• _WHAT NEEDS TO BE DONE_
Copy out each line of the entries below in which the string "Photo" appears.

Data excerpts
============================================================
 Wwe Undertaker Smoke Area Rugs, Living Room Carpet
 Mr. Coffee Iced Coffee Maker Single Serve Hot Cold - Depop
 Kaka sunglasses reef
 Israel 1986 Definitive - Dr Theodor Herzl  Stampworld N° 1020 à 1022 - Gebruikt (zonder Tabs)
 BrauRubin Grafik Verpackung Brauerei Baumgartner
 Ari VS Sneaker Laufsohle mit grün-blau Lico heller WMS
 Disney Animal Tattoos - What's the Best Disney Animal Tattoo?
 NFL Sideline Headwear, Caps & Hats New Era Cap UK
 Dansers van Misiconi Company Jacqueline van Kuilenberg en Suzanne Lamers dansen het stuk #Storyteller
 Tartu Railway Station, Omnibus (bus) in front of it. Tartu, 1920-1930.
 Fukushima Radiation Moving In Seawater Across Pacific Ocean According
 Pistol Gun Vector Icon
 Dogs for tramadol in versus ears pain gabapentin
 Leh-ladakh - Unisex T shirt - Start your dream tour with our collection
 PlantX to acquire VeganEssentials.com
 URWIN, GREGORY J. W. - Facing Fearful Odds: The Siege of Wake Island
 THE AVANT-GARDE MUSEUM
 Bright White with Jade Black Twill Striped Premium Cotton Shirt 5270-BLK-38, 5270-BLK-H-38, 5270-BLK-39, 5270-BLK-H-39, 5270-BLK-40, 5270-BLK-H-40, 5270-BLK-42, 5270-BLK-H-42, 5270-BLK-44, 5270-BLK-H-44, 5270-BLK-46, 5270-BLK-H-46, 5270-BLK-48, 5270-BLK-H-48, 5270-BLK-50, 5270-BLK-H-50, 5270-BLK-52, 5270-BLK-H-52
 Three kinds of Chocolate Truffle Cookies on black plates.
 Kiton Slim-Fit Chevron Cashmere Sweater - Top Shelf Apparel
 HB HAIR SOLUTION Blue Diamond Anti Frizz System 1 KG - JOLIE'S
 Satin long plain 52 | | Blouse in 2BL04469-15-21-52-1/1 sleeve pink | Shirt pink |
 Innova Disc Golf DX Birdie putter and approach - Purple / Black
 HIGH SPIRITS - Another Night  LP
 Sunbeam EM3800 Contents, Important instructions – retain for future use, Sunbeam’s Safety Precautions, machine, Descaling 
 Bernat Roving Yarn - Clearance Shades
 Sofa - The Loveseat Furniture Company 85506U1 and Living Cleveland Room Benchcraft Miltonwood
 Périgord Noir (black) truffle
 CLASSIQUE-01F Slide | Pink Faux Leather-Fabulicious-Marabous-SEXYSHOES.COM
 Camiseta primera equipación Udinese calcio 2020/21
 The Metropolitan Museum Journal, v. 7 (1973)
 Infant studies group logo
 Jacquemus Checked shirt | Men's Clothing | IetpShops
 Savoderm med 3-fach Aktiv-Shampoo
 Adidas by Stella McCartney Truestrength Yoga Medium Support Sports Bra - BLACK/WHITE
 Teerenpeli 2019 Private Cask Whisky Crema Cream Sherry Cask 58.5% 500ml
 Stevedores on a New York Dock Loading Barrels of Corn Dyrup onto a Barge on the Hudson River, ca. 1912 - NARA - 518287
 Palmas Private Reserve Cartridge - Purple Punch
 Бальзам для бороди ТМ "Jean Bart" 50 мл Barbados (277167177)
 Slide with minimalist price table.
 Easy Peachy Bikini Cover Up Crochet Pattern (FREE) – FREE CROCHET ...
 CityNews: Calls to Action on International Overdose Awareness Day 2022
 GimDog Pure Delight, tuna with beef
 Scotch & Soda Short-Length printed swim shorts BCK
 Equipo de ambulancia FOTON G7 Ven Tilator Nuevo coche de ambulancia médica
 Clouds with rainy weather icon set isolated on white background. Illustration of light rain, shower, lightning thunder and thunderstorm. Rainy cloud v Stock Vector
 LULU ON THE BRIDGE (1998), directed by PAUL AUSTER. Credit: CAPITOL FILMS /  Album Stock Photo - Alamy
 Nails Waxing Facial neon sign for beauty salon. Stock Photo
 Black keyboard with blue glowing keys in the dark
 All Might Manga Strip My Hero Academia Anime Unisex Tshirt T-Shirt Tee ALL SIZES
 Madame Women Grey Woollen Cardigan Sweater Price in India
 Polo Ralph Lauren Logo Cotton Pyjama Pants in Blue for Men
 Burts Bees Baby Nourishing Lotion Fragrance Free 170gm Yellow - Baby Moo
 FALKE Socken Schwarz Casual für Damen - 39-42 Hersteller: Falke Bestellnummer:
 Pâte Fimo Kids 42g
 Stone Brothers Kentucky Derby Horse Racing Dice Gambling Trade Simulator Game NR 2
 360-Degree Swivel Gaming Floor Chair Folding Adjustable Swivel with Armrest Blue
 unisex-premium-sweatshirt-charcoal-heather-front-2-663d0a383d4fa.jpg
============================================================
• _SOLUTION TO THE EXERCISE_
 LULU ON THE BRIDGE (1998), directed by PAUL AUSTER. Credit: CAPITOL FILMS /  Album Stock Photo - Alamy
 Nails Waxing Facial neon sign for beauty salon. Stock Photo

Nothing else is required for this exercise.